Strike Debt: #OccupyWallStreet’s activist child

Debt is not personal, it is political. The debt system aims to isolate us, silence us, and scare us into submission with the all-powerful credit rating. Now is the time for us to step out of the shadows together in public. Debt is immoral. It is indentured servitude, a type of bondage. We are forced onto a path of endless repayment and are supposed to be ashamed when we can’t climb our way out of debt. We have to sell our time, our souls, working jobs we don’t care about simply so we can pay interest to the bank. Now that debt is so rampant, many of us are ashamed for putting others in debt. Our professions from teacher to lawyer and physician have become means to direct more victims to the loan sharks. So perhaps above all, we strike the fear, refuse the shame, end the isolation. When we strike debt, we are giving ourselves permission to be more than a set of numbers. In a sense, we create the possibility of an imagination. We are not abdicating our responsibility, we are exercising our innate right to refuse the unjust.
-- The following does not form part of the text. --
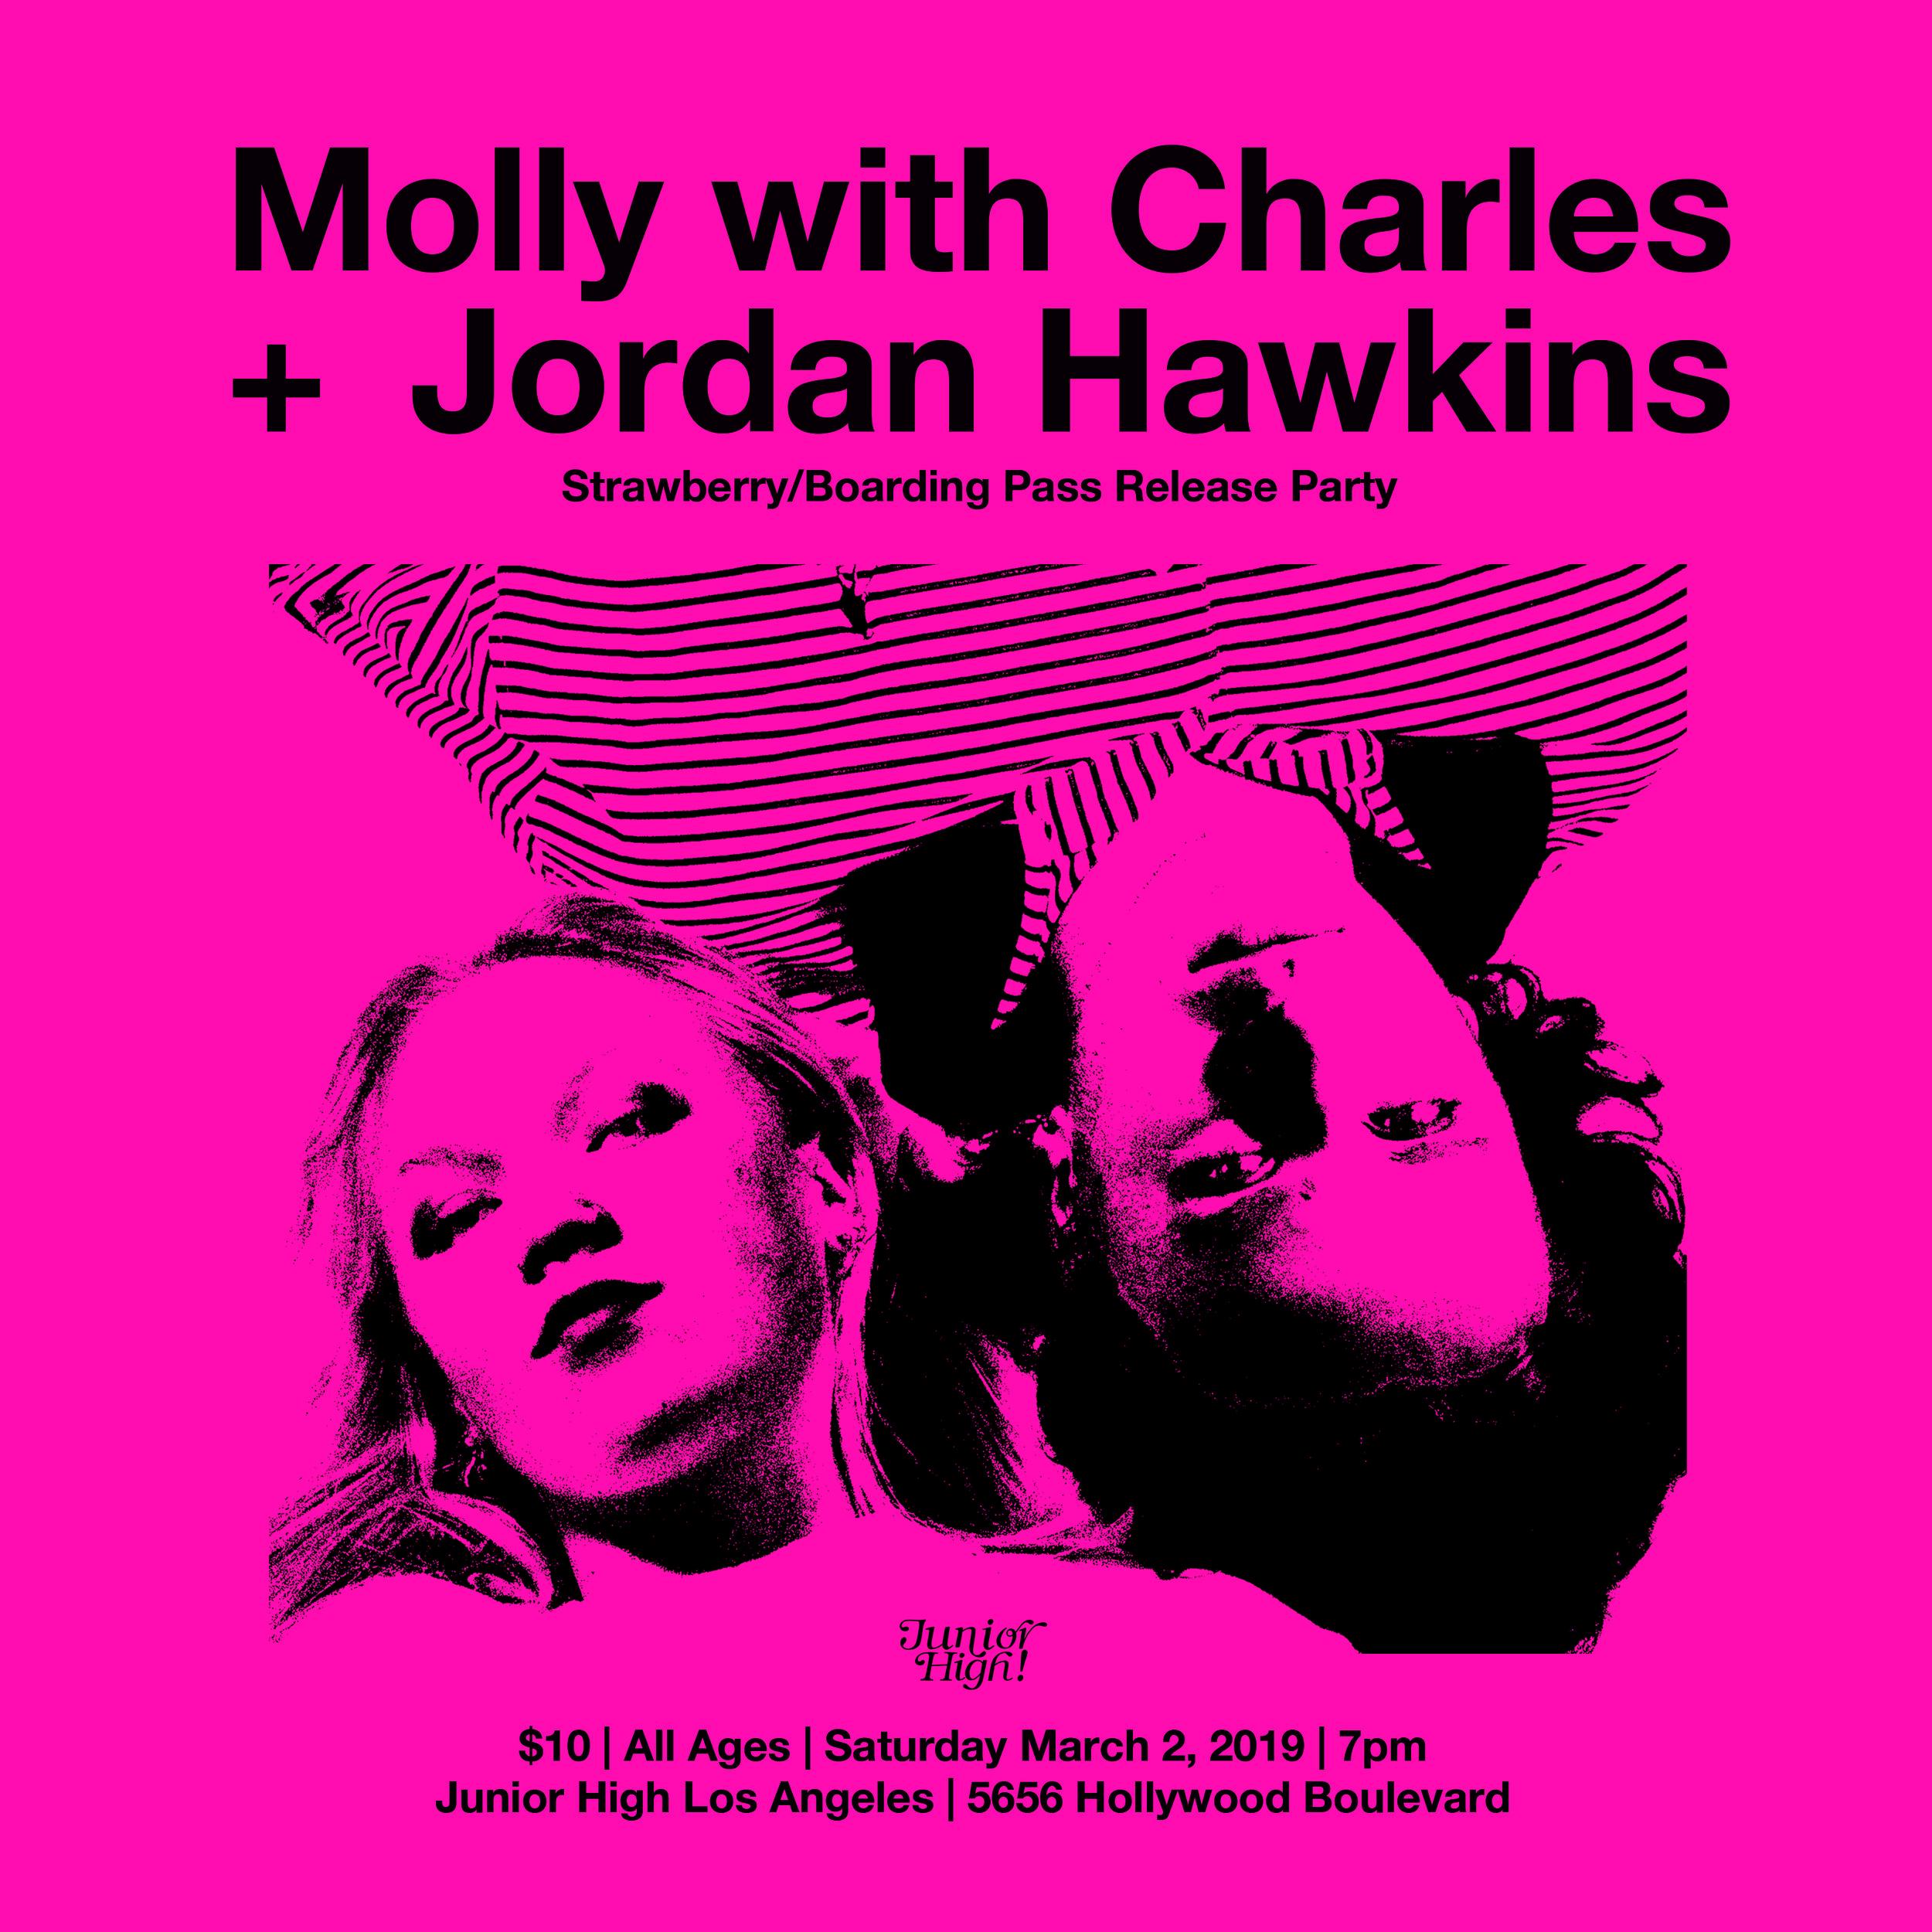 MollywithCharles.jpg

Watch the Democracy Now conversation on the new debt resistance movement:

Some background:

“Strike Debt describes itself as a “network of students, artists, academics, and organizers who are sparking conversations about how debt affects us all and what we can do about it. Through militant research, direct action, and mutual support, we are exploring ways that we can break the chains of debt and create new bonds of solidarity.” The goal of the network is strikingly straightforward: to organize and spark a “mass upsurge of debt resistance.”

In her article for The Nation, Taylor writes how activists have increasingly come to realize the potential of debt “to serve as a kind of connective tissue for the Occupy movement, uniting increasingly dispersed organizing efforts around a common problem (debt) as opposed to a common tactic (occupation).” The challenge, in this respect, is to turn the overly moralized and profoundly individualizing everyday reality of debt into a catalyst for collective action.

According to a report by Yates McKee of Waging Non-Violence, “Strike Debt organizers have strategized all summer about launching a multi-pronged offensive against the predatory debt system, with the eventual goal of sparking a nationwide debt-resisters’ movement that would strike at the foundations of capitalism as a whole.” To this end, it has created “a sophisticated press and propaganda unit” and “seeded” the media landscape with articles and interviews.

One important node in this mediatic offensive is the third edition of Tidal, the Occupy Theory journal, which contains powerful contributions on debt by Graeber and the Strike Debt collective. Under the slogan You are not a loan! the activists call for a debtors’ strike — a refusal to honor debts.”